Les gouvernements qui se sont succédé de 1997 à la crise financière ont bénéficié d'une période d'expansion relative. Certes, on trouvait que le prix du pétrole atteignait parfois un niveau un peu élevé, on commençait à se préoccuper du changement climatique et on voulait se détacher du charbon le plus rapidement possible, mais on était avant tout soucieux de maintenir notre production, en particulier nucléaire, et de préserver sa fiabilité. On importait du gaz et du pétrole pour les usages énergétiques autres que la production d'électricité. Je n'ai jamais eu le sentiment, lorsque j'étais administrateur général du CEA, d'avoir beaucoup de pression à ce sujet. Cela étant, dans nos services, nous y réfléchissions et nous élaborions des projections correspondant à tel ou tel scénario, par exemple un embargo sur le pétrole et le gaz, mais nous n'étions pas les seuls. EDF, la DGEMP, l'Agence internationale de l'énergie atomique (AIEA), pour ne citer qu'eux, établissaient aussi des prévisions. Toutefois, c'étaient plus des exercices académiques qu'autre chose. À cet égard, les choses ont complètement changé.
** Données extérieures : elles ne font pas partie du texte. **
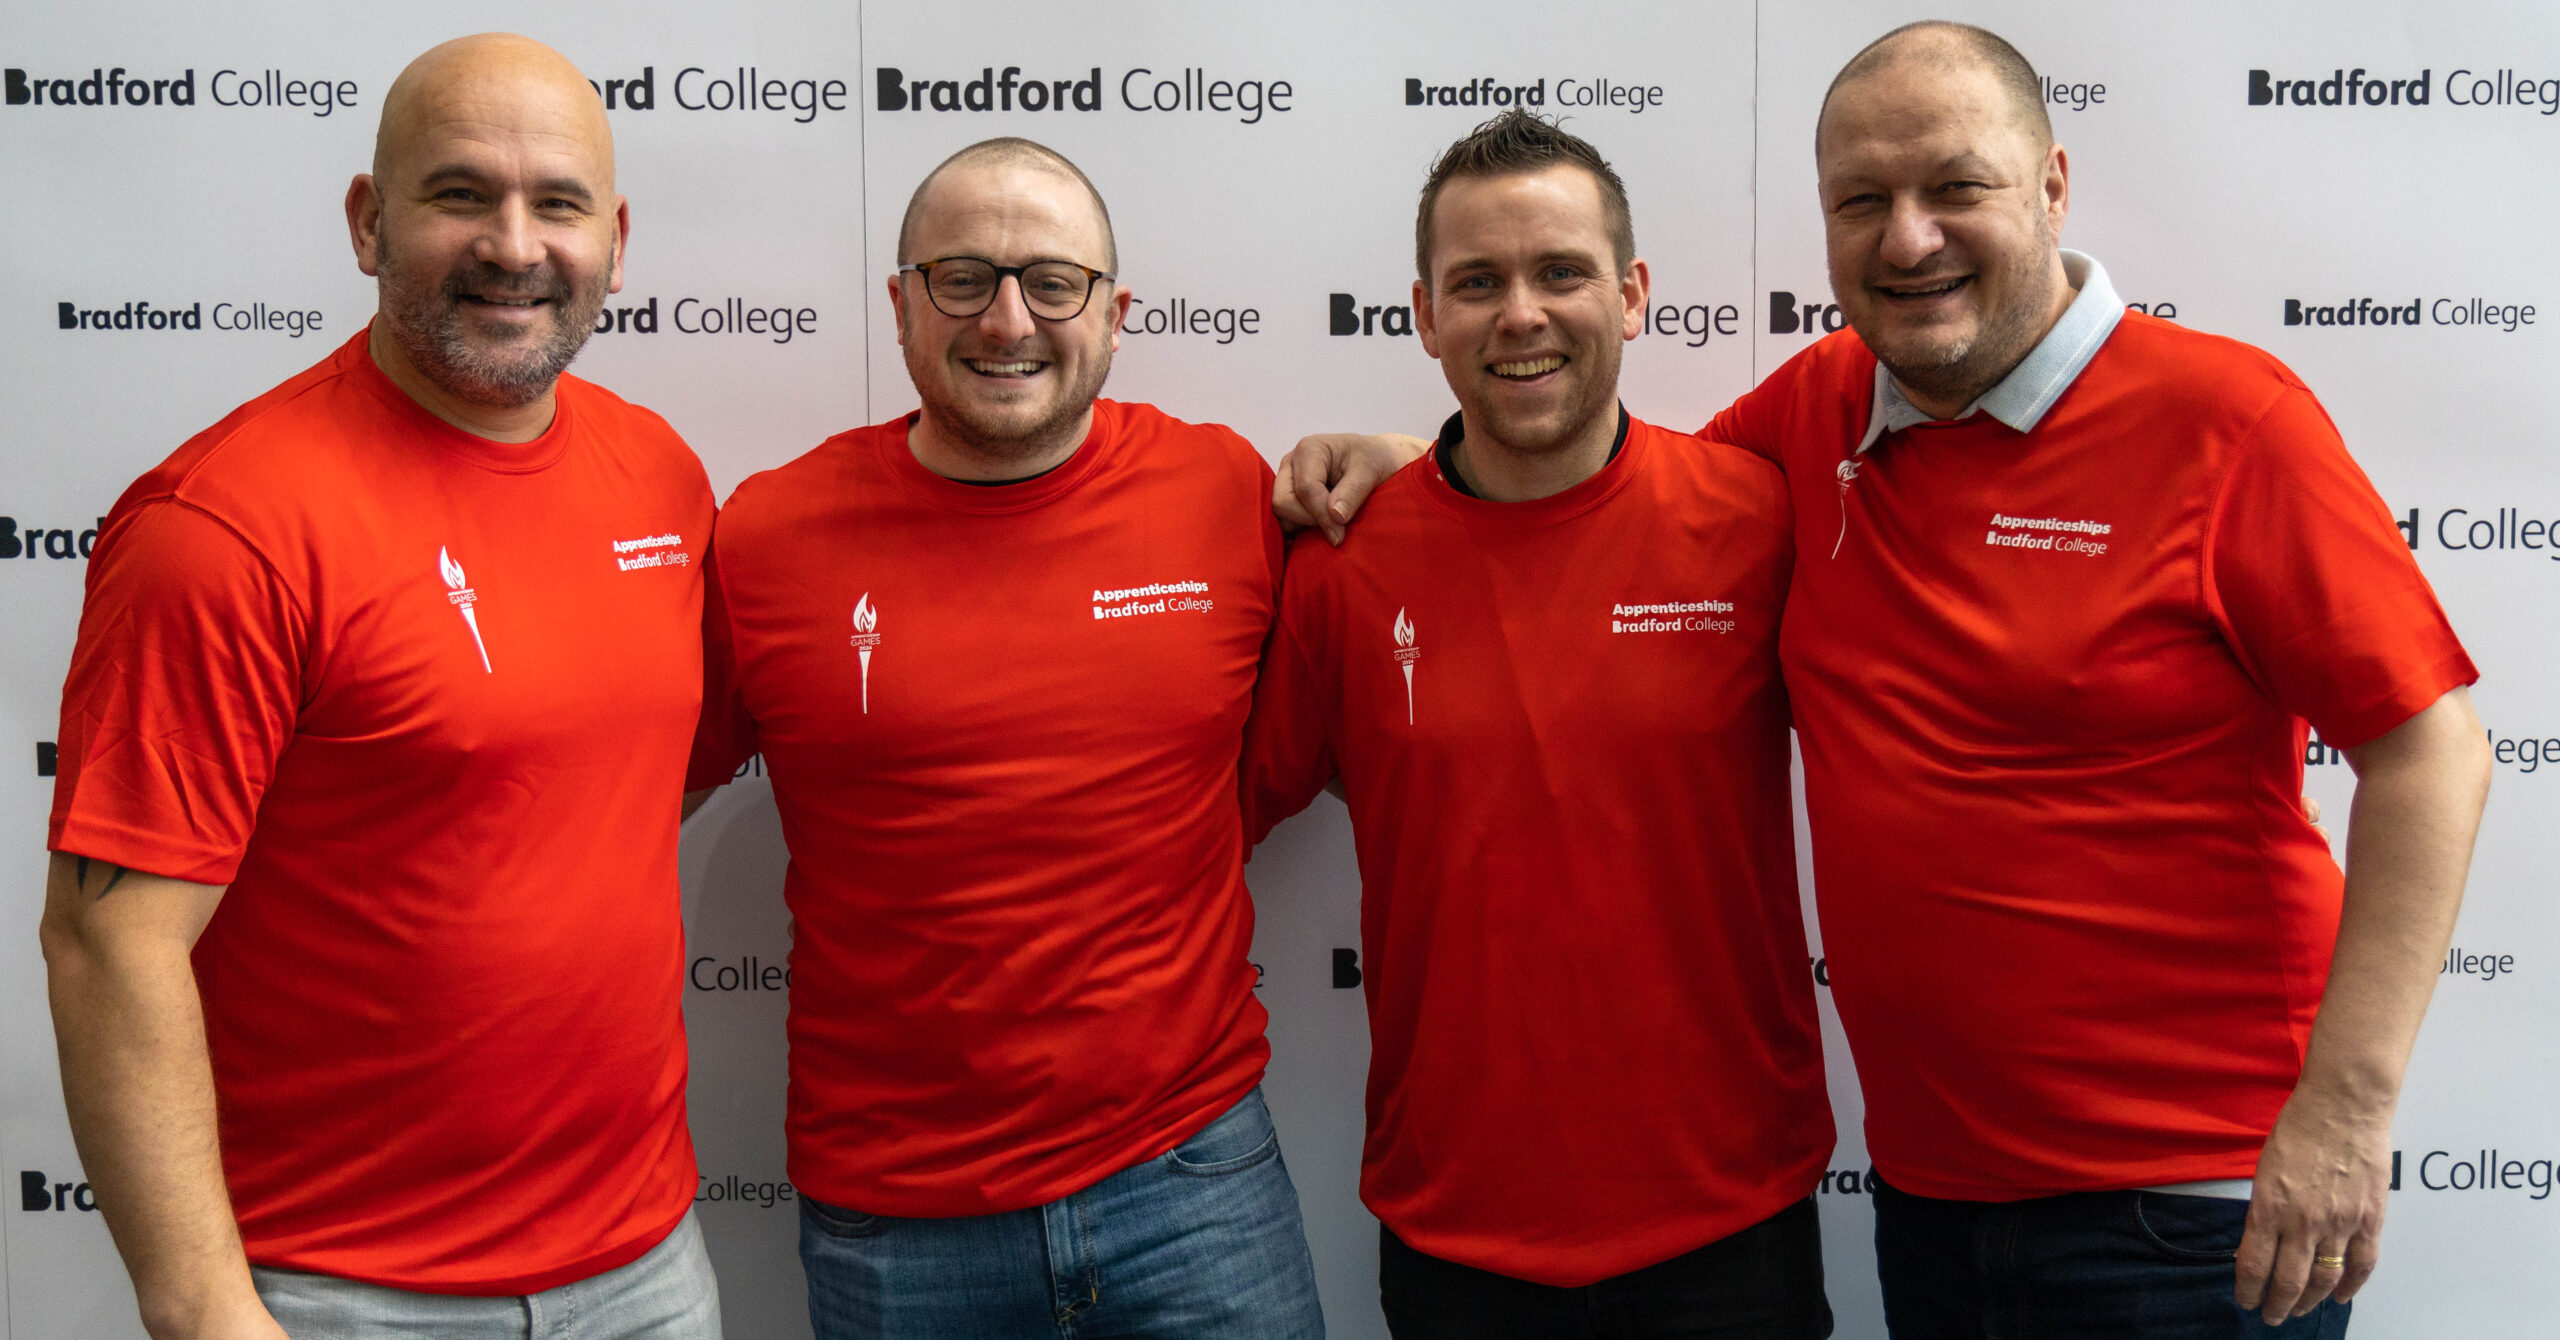 the bradford city team at the apprenticeship games

Le rapport Pellat-Charpin-Dessus de 2000 avait comparé le coût du kilowattheure (kWh) selon qu'il était d'origine nucléaire ou qu'il provenait d'autres sources de production, et avait conclu, sur cette base, à la pertinence du nucléaire. Cela étant, ses auteurs n'avaient pas prévu la baisse du coût des renouvelables. Mais personne ne l'avait anticipée. En 2002-2003, le prix du kilowattheure d'origine éolienne ou solaire était beaucoup plus élevé que celui issu du charbon ou du nucléaire. Cela a beaucoup changé. L'évolution est apparue clairement entre 2012 et 2014, et elle n'est pas arrivée à son terme : on va connaître des progrès très importants dans le domaine solaire, en particulier en termes d'efficacité énergétique.
Si l'on refaisait le même exercice aujourd'hui, les conclusions seraient probablement sensiblement différentes.
N'oublions pas non plus le gaz, qui dégage nettement moins de gaz à effet de serre que le charbon. Des progrès extraordinaires ont été réalisés depuis les années 1980 : les turbines à gaz permettent désormais des rendements supérieurs pour des coûts inférieurs à ceux que l'on constatait il y a encore vingt ans.
On parle du coût par kilowattheure, mais ce chiffre ne veut pas dire grand-chose car les différentes sources d'énergie ont en réalité des structures de retour sur investissement complètement différentes. Pour un réacteur nucléaire, les investissements initiaux sont gigantesques, mais les dépenses se limitent ensuite au coût du combustible, qui est relativement prévisible, et à l'optimisation du fonctionnement du réacteur tous les dix ans. Pour une turbine à gaz, la somme d'argent à mettre sur la table est beaucoup plus faible, mais l'opérateur est alors soumis aux fluctuations du prix du gaz, relativement imprévisibles. La structure du retour sur investissement des énergies solaire et éolienne est également complètement différente.